It is known that a typical program spends 90% of its time using 10% of the available memory. This, combined with the fact that lower capacity memories can be faster for the same price (compared with higher capacity memories), highlights a possible optimisation.

A small, but very fast, cache sits between the processor and memory. Its purpose, as the name suggests, is to cache data from memory that is likely to be accessed in the near future. There are two primary methods for determining which memory locations are likely to be accessed soon:

  • Spacial locality - it is assumed that if a given address is used, other addresses close to it will be used as well.
  • Temporal locality - it is assumed that if a given address is used, the same address will be used again soon.

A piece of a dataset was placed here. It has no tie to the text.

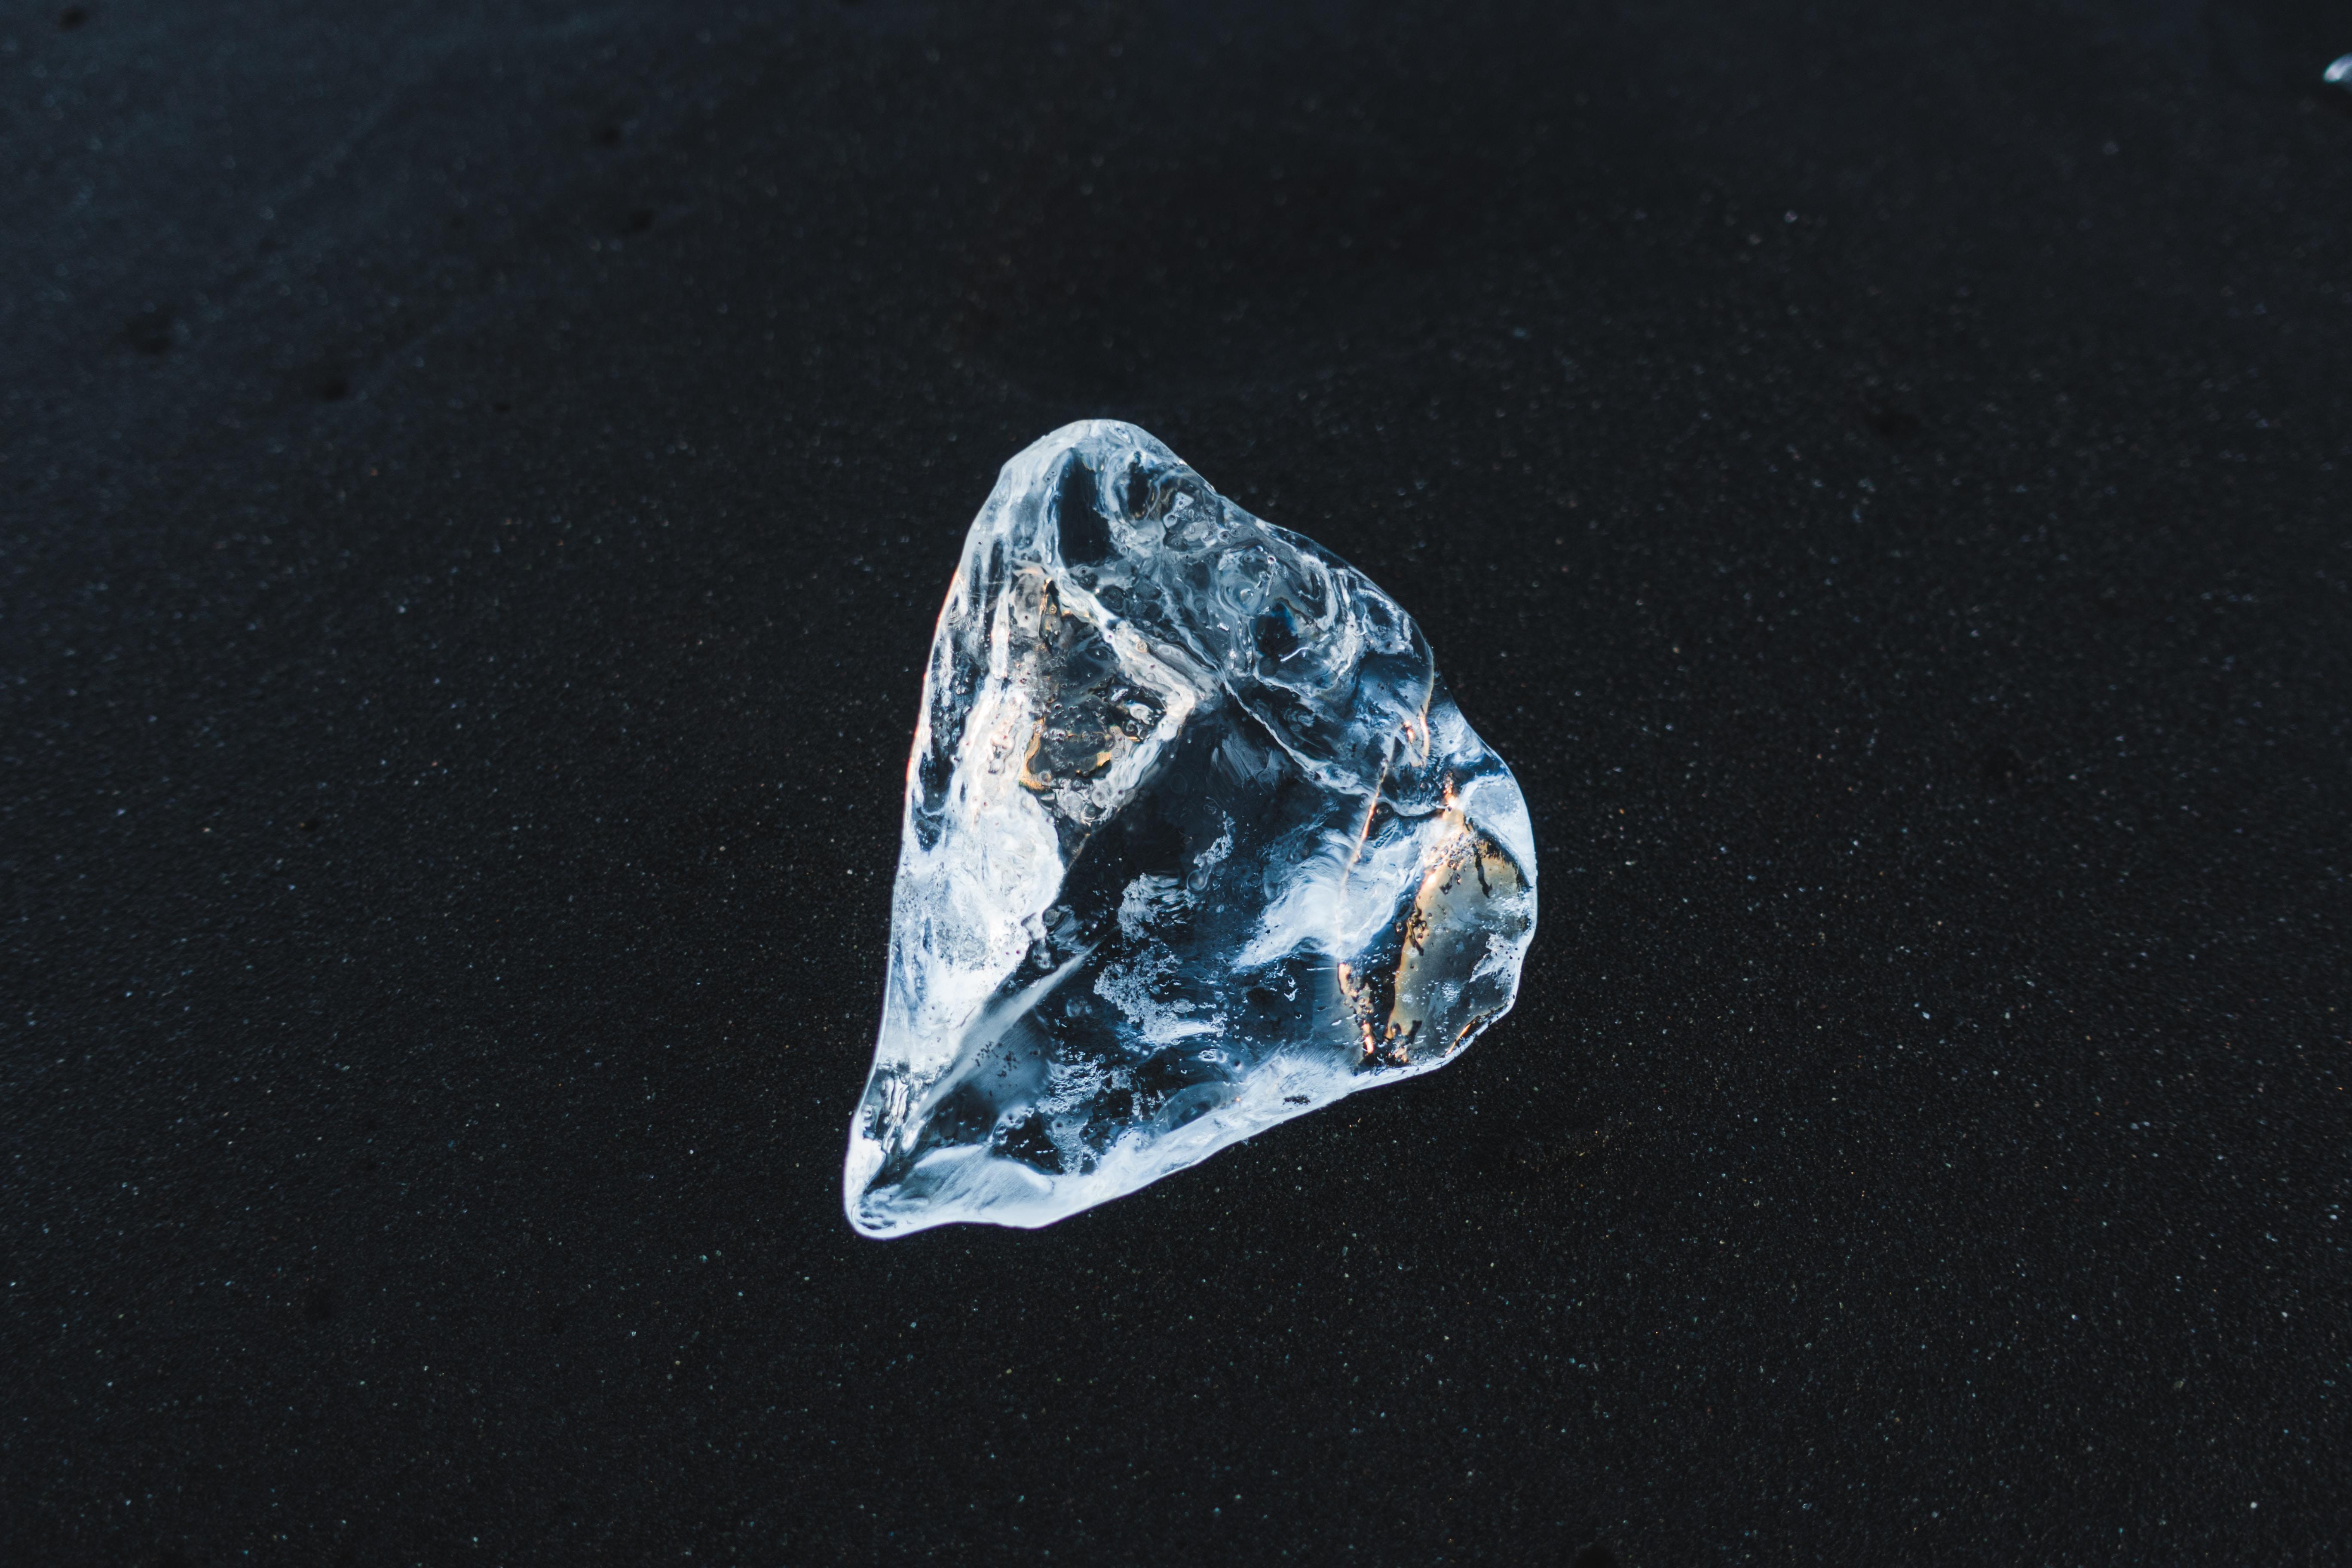 blue rock fragment

In order to fetch data from a given memory location, the cache is first checked, and if it exists in the cache then a memory access can be avoided.

Cache Hierarchy

This system can be extended, using progressively slower levels of cache with higher capacities. The fastest cache, known as L1, resides on the processor. A second level (L2) cache is common, and is not necessarily integrated with the silicon chip. This does not have to stop here, and another level (L3) is becoming increasingly common in modern high-performance systems.

Hit Rate

The proportion of memory accesses which are served from the cache is known as the hit rate. Increasing this proportion reduces the average memory access time, thus improving the overall performance of the system.